Dr. Li was reprimanded by the police after he shared concerns about the virus in a social messaging app with medical school classmates on Dec. 30.

Three days later, the police compelled him to sign a statement that his warning constituted “illegal behavior.”

The doctor eventually went public with his experiences and gave interviews to help the public better understand the unfolding epidemic. (The New York Times interviewed Dr. Li days before his death.)

“He didn’t want to become a hero, but for those of us in 2020, he had reached the upper limit of what we can imagine a hero would do,” one Weibo post read. The post is one of many that users say they wrote out of shame and guilt for not standing up to an authoritarian government, as Dr. Li did.

Many people posted a variation of a quote: “He who holds the firewood for the masses is the one who freezes to death in wind and snow.” The original version of the saying came from the Chinese writer Murong Xuecun about seven years ago when he and some friends were raising money for the families of political prisoners.

It was written as a reminder to people that it was in their interest to support those who dared to stand up to authority. Many of those people had frozen to death, figuratively speaking, as fewer people were willing to publicly support these dissenting figures.

The atmosphere was very different on Thursday evening. As confusion mounted about Dr. Li’s fate, people accused the authorities of trying to delay announcing his death.

The grief was so widespread that it appeared in unlikely corners.
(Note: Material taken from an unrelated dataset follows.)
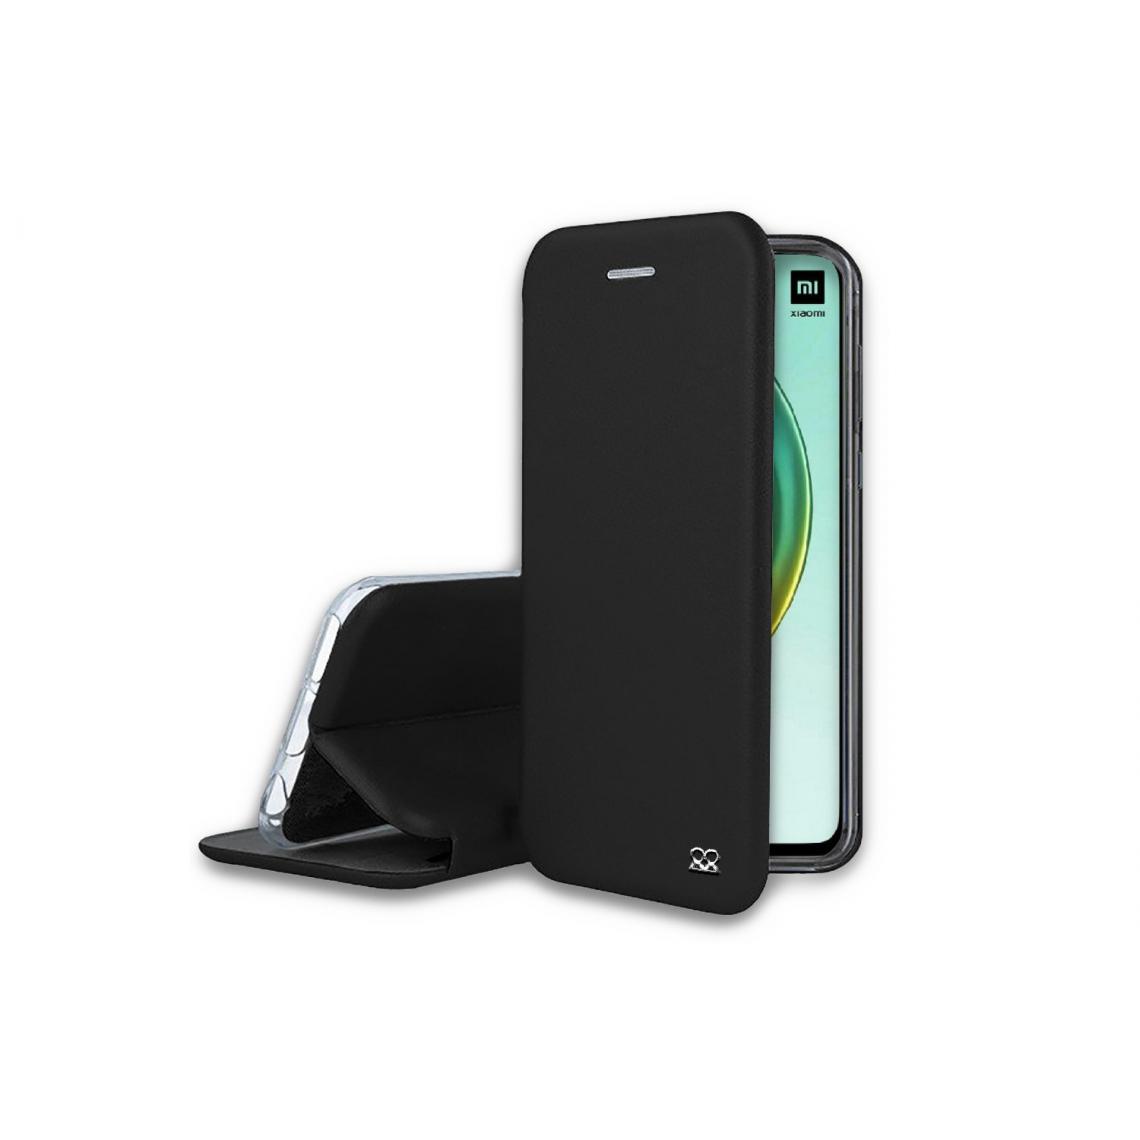 Ibroz - Ibroz Etui en cuir noir pour Xiaomi Mi - Coque, étui smartphone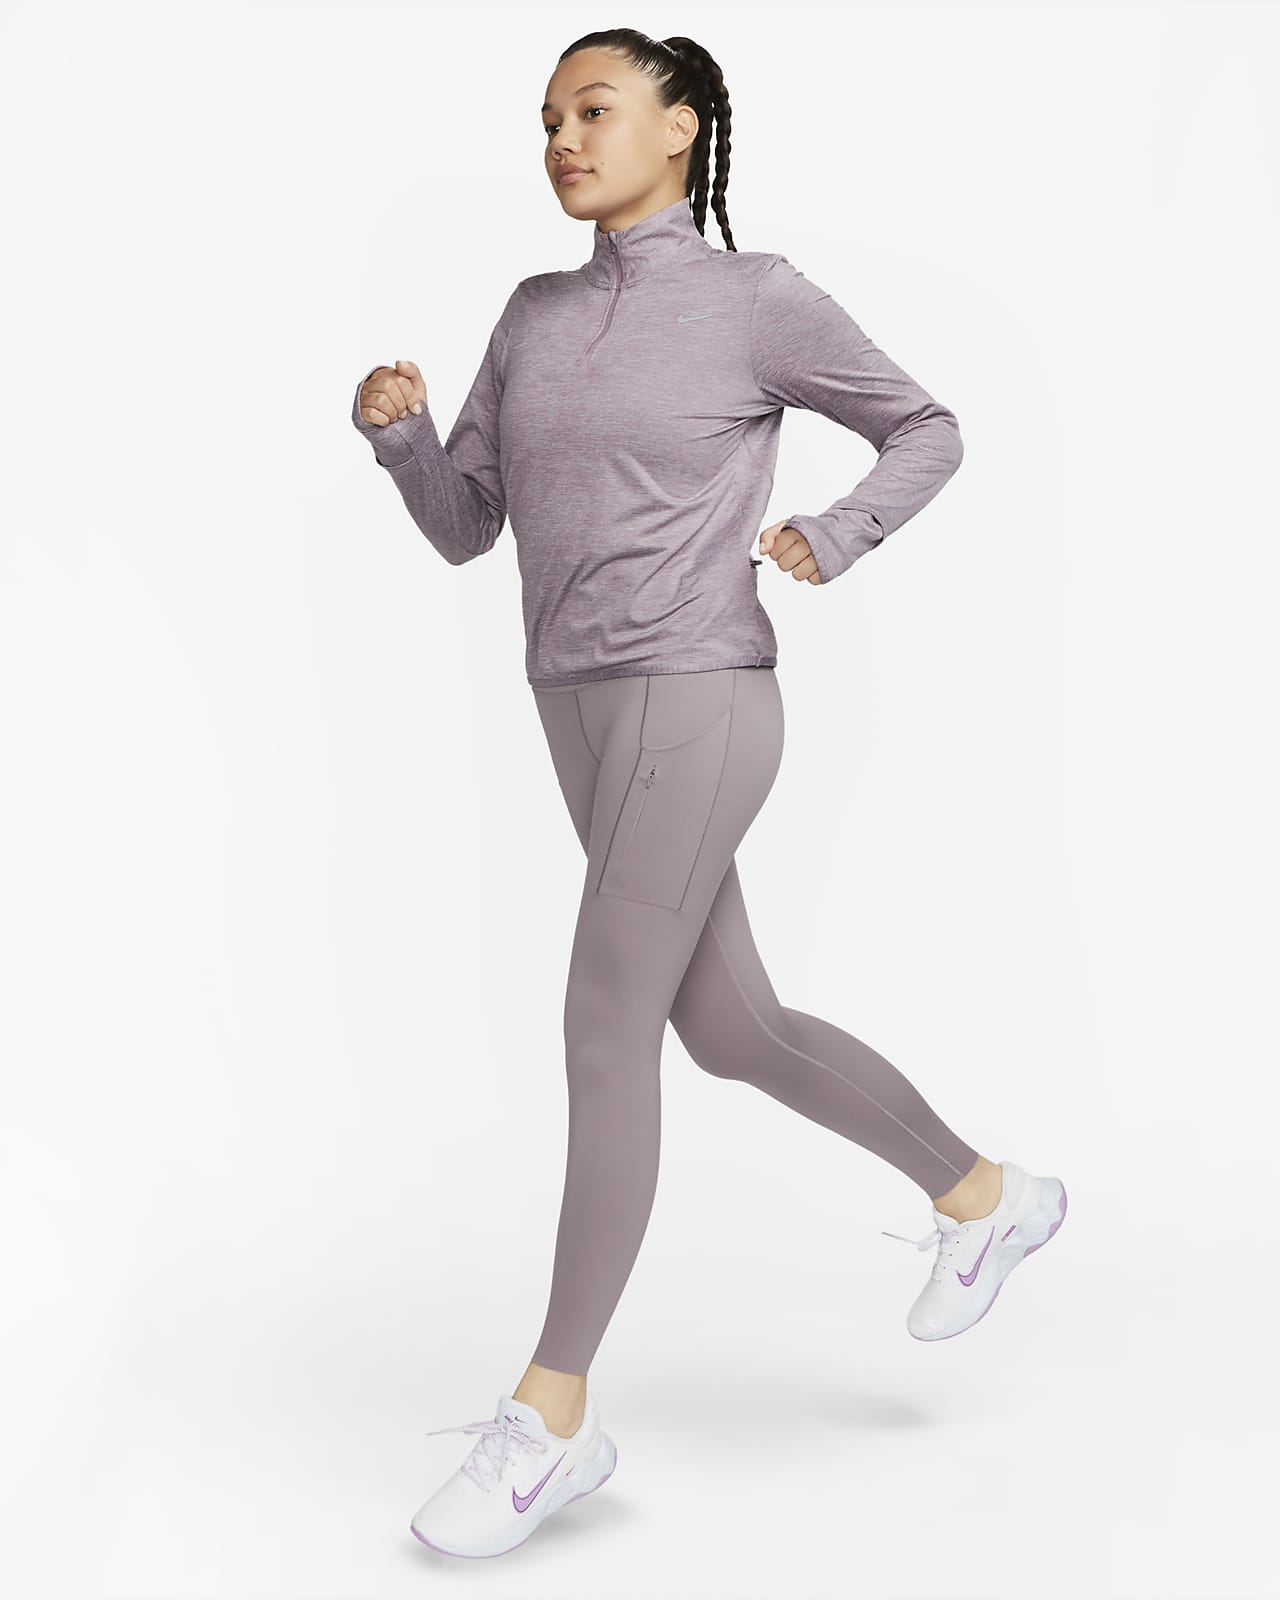 Nike Swift Element Women's UV Protection 1/4-Zip Running Top

“Refusing to listen to your ‘whistling,’ your country has stopped ticking, and your heart has stopped beating,” Hong Bing, the Shanghai bureau chief of the Communist Party’s official newspaper, People’s Daily, wrote on her timeline on WeChat, an instant-messaging platform. “How big a price do we have to pay to make you and your whistling sound louder, to reach every corner of the East?”

Both the Chinese- and English-language Twitter accounts of People’s Daily tweeted that Dr. Li’s death had prompted “national grief.” Both accounts deleted those messages before replacing them with more neutral, official-sounding posts.

The Weibo account of Shandong Province’s law enforcement body posted a portrait of Dr. Li with two sentences that have been circulating online: “Heroes don’t fall from the sky. They’re just ordinary people who stepped forward.”

Wang Gaofei, the chief executive of Weibo, which carries out many of the orders passed down from China’s censors, pondered what lessons China should learn from Dr. Li’s death.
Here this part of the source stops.